Am 7. April 1944 gelang den beiden slowakischen Häftlingen Alfred Wetzler und Rudolf Vrba die Flucht aus Auschwitz, dem größten Konzentrationslagerkomplex des NS-Regimes. Das im Süden Polens gelegene Lager Auschwitz setzte sich aus drei Hauptlagern sowie 39 Nebenlagern zusammen, in denen sich zehntausende Insassen zu Tode arbeiten mussten. Im sogenannten Auschwitz II (Auschwitz-Birkenau), dem eigentlichen Vernichtungslager des Komplexes, starben insgesamt mehr als eine Million Menschen.

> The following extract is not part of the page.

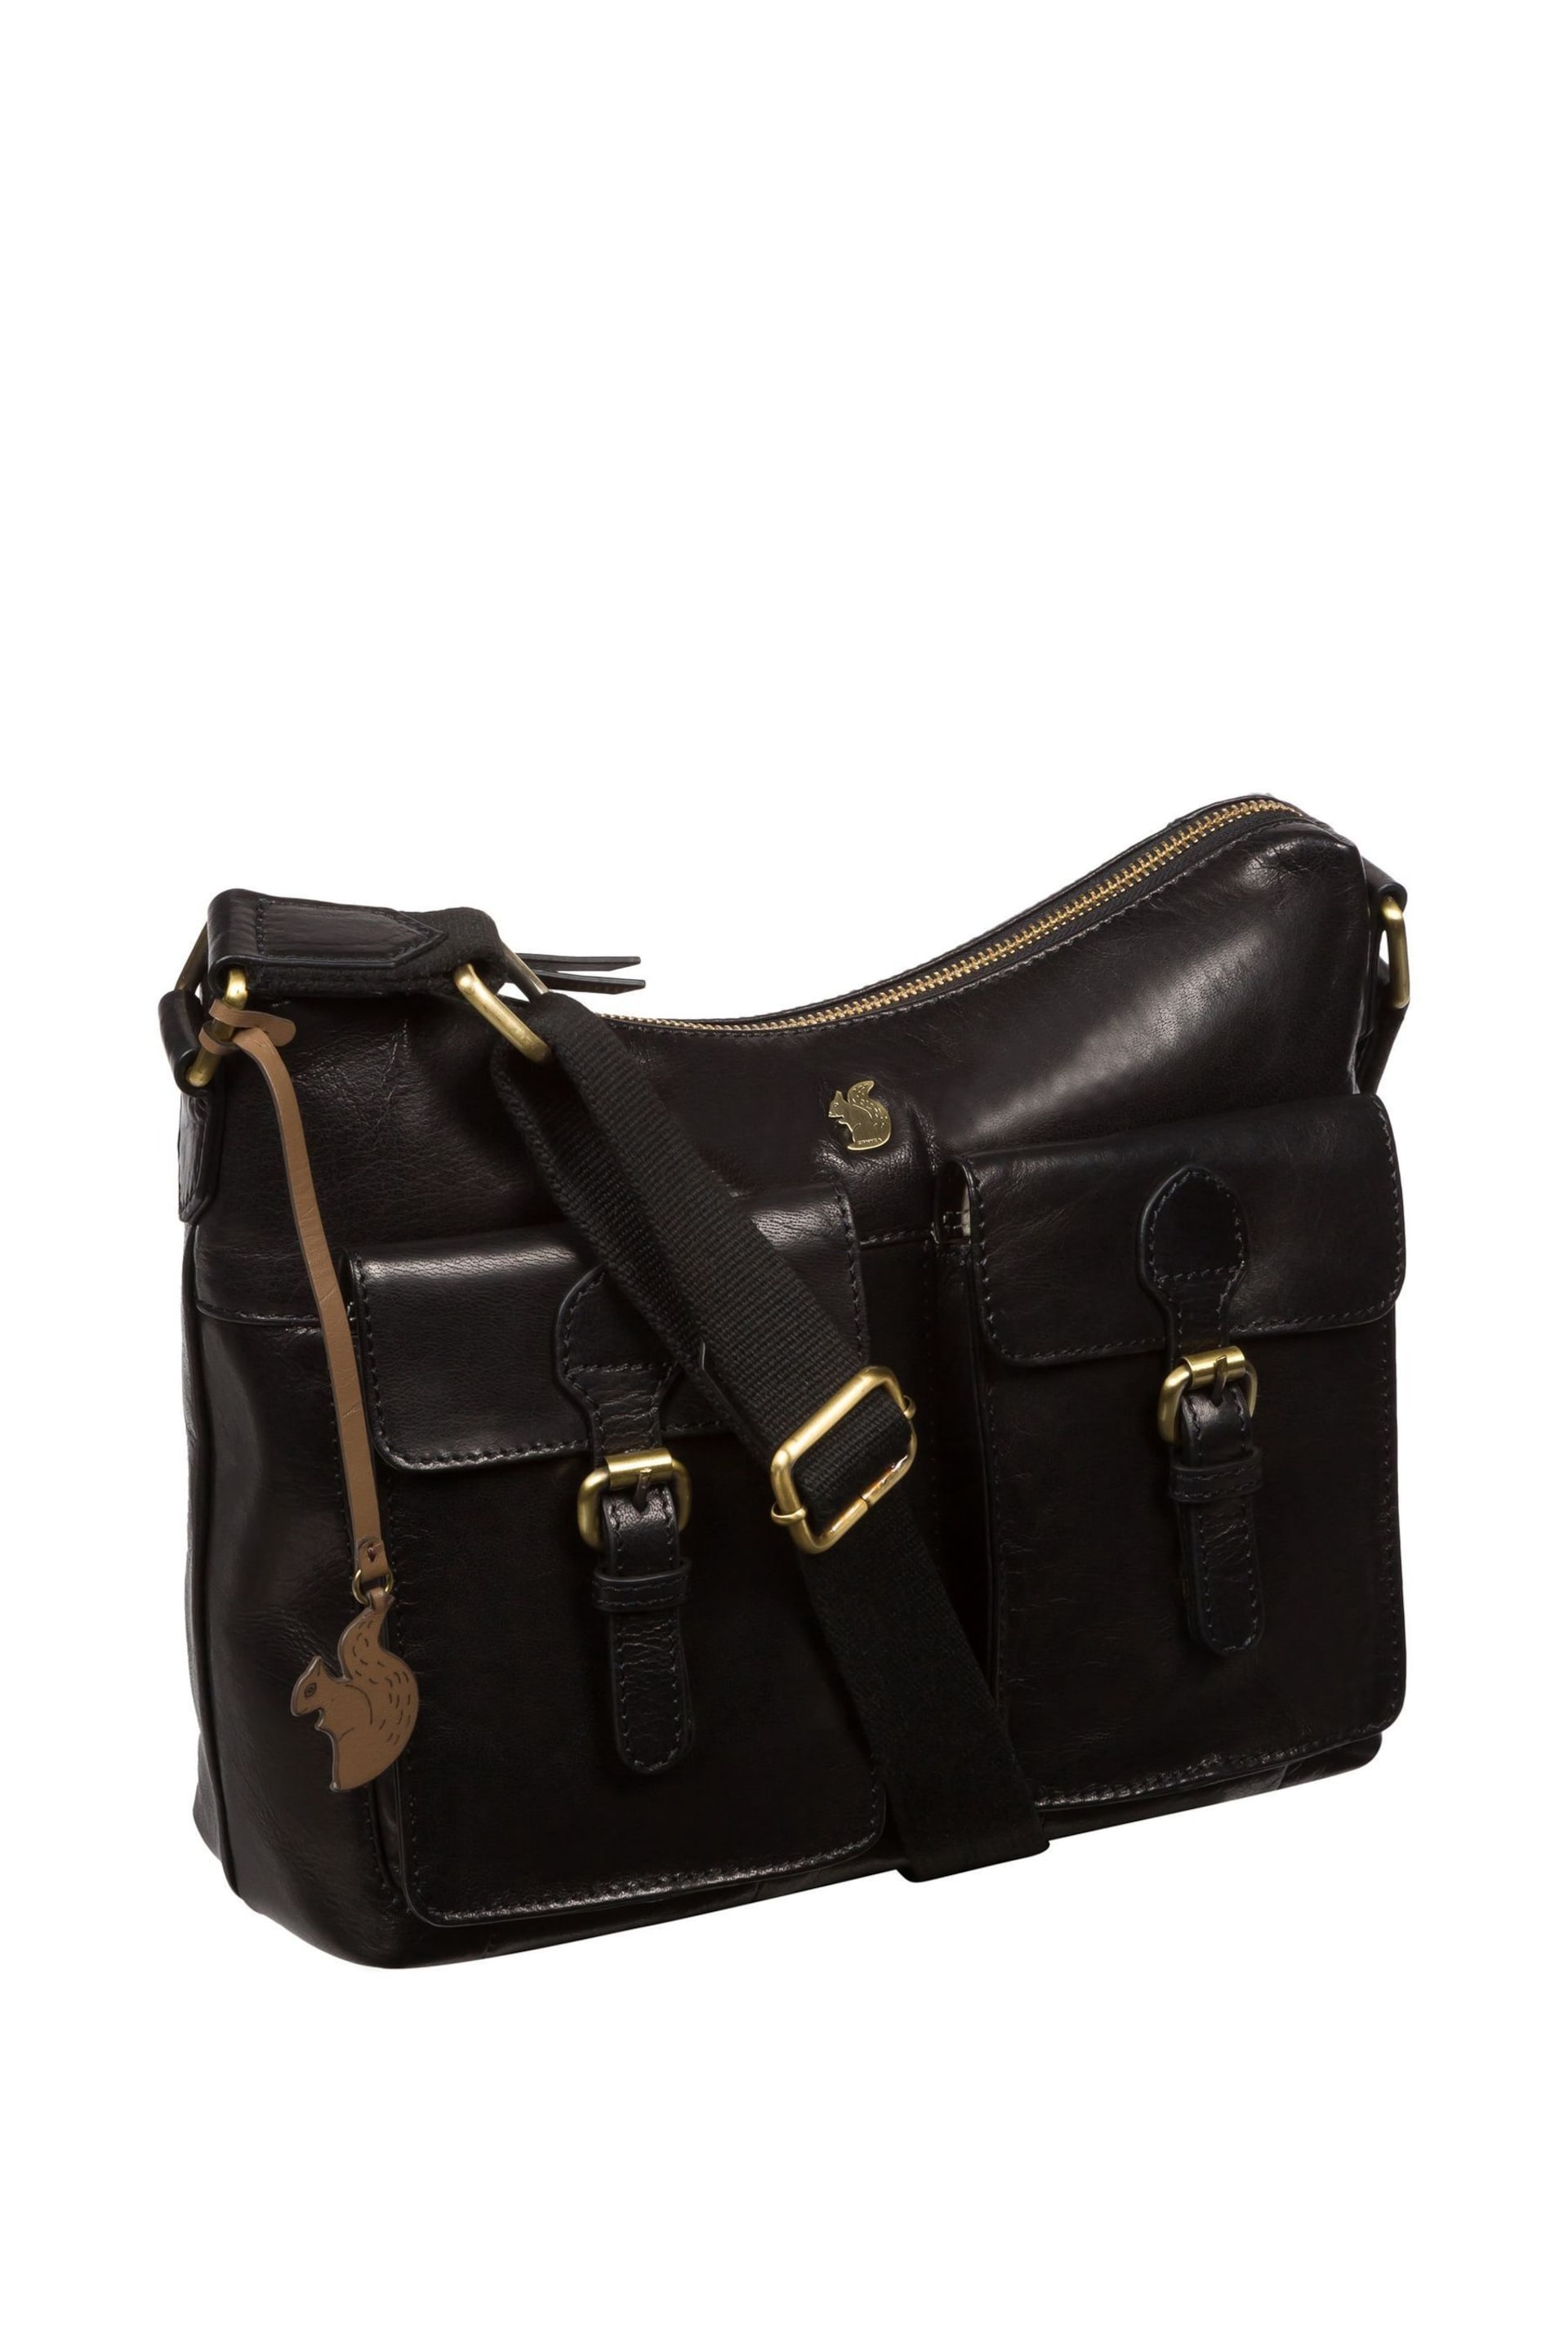 Conkca Nancie Leather Shoulder Bag - Image 5 of 6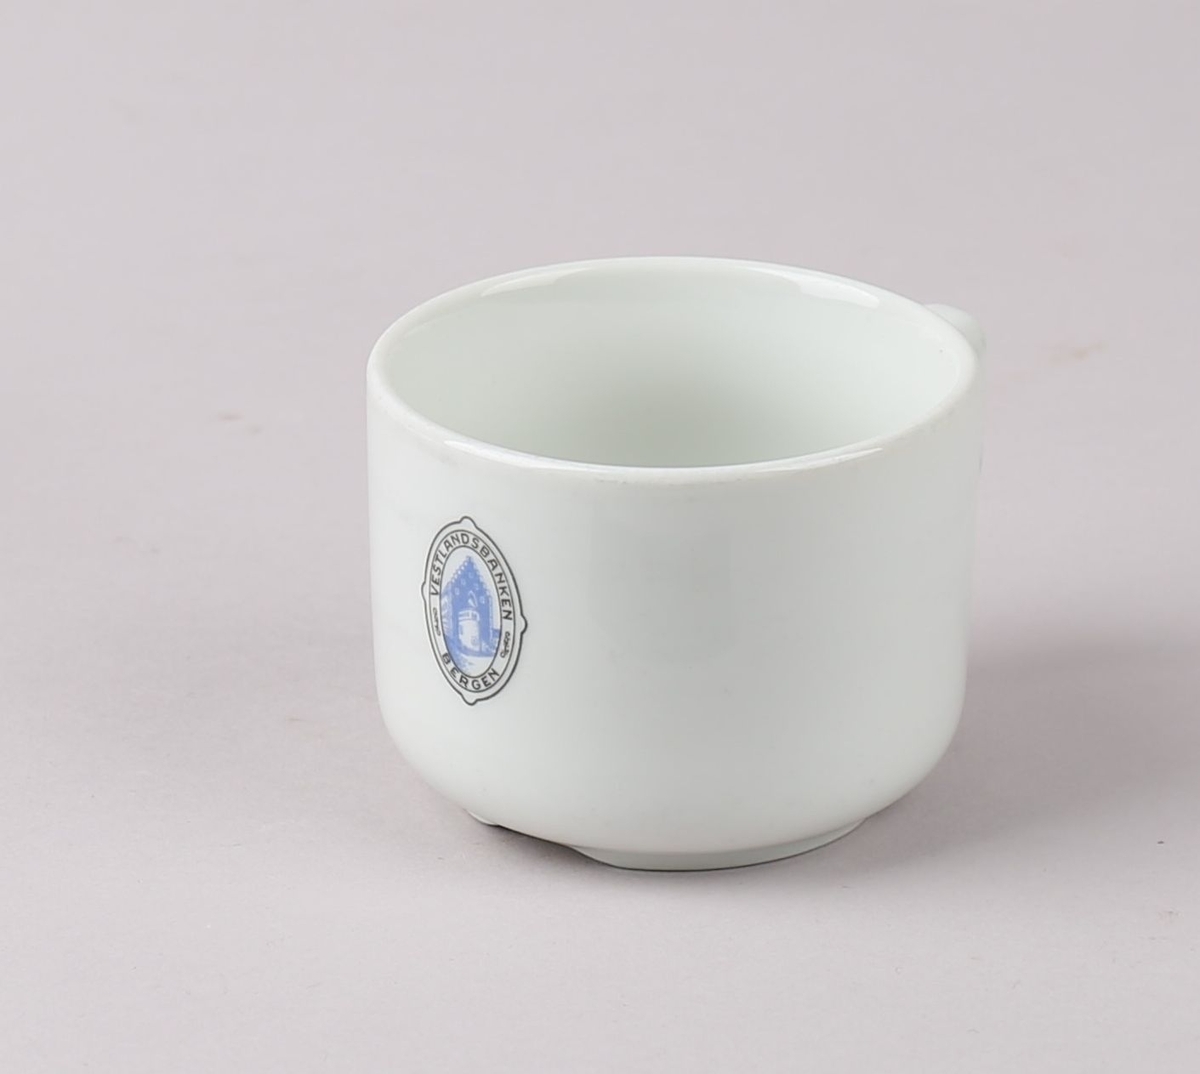 Kaffekopp, del av kaffeservise, 1 kuvert. Koppen har sylindrisk form. Produsert i hvit porselen med emblem på korpus, for Vestlandsbanken i Bergen, med tegning av Håkonshallen i emblemet.

Wetzler (der sich später Josef Lanik nannte) und Vrba (eigentlich Walter Rosenberg) verbrachten beide ungefähr zwei Jahre in Auschwitz. Wetzler war am 13. April 1942 aus dem Lager Sered in der südlichen Slowakei dorthin verlegt worden, Vrba kam Ende Juni 1942 im Lager an, nachdem er zwei Wochen im KZ Majdanek nahe Lublin in Polen verbracht hatte. Nach ihrer Flucht nahmen Wetzler und Vrba Kontakt zu Vertretern des Judenrates in Zilina (Slowakei) auf und verfassten den folgenden detaillierten Bericht, der die Organisation und Funktion des Lagers enthüllt.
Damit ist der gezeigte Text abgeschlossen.